▸ PROVIDED DATA:
————

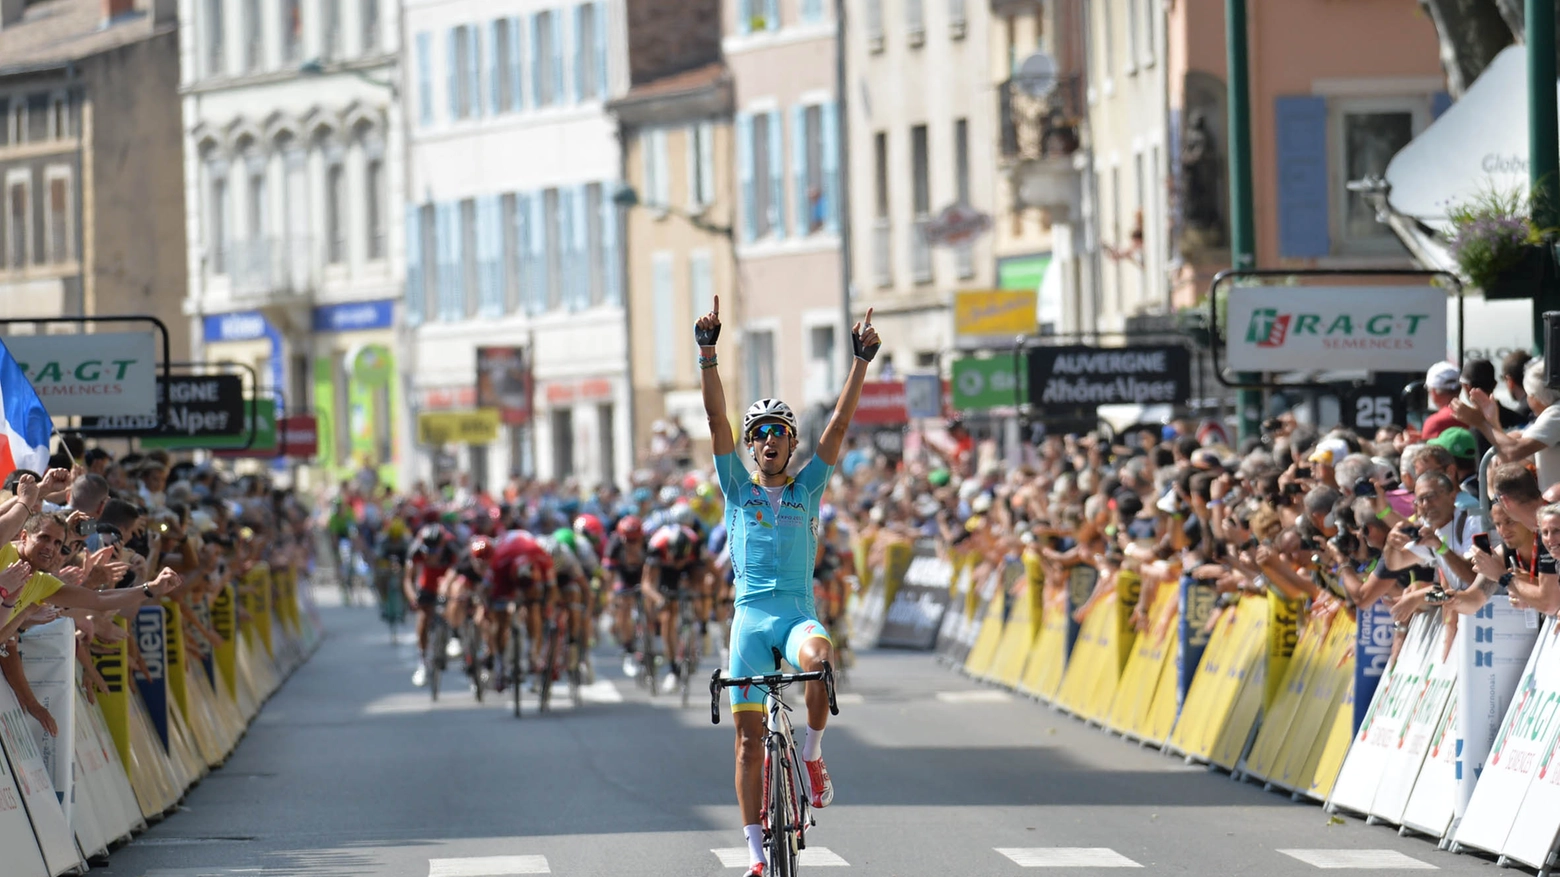 Aru trionfa al Giro del Delfinato (Alive)
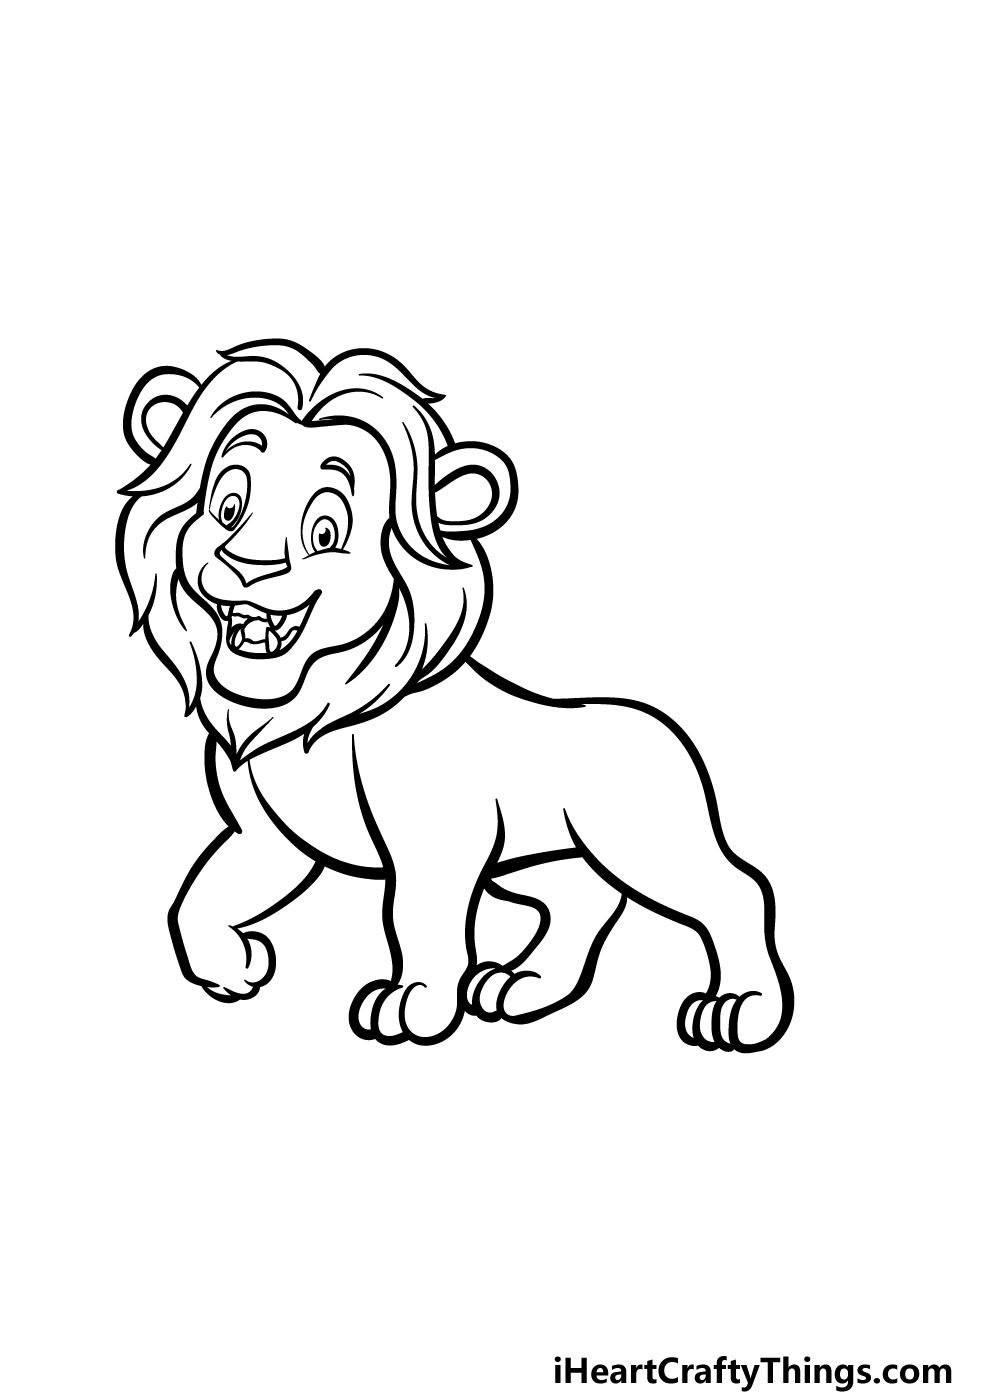 how to draw a cartoon lion step 4
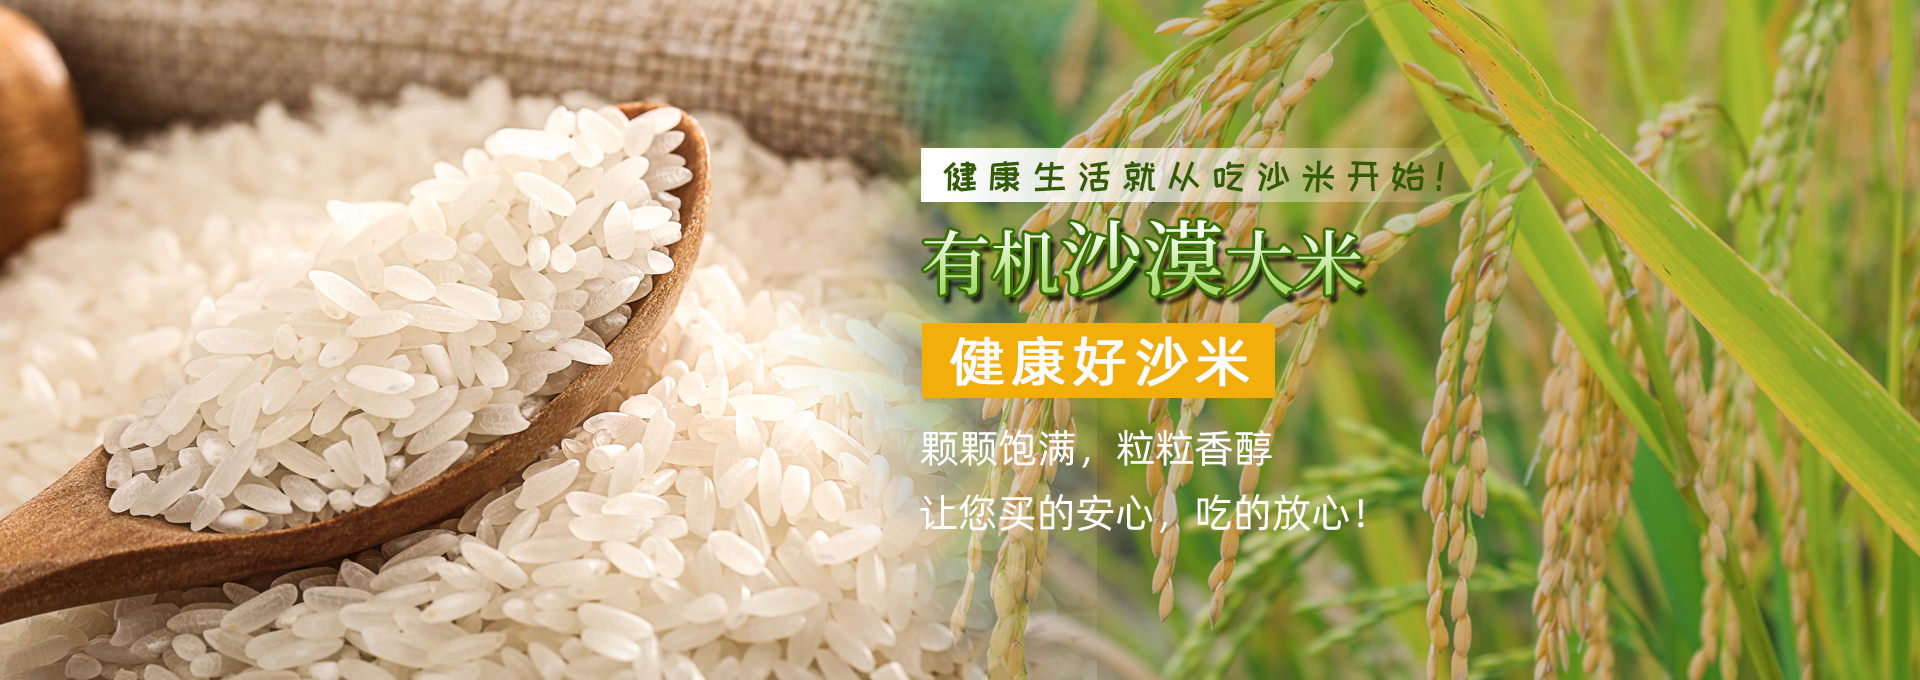 绿色有机_纯天然食品饮料项目合作蔬菜-北京晶源商贸有限责任公司

————

▸ DESCRIPTION OF THE TASK: All of the listing above must be output exactly, except for its pictures.

▸ RESULT:
 Aru trionfa al Giro del Delfinato (Alive)
 how to draw a cartoon lion step 4
 绿色有机_纯天然食品饮料项目合作蔬菜-北京晶源商贸有限责任公司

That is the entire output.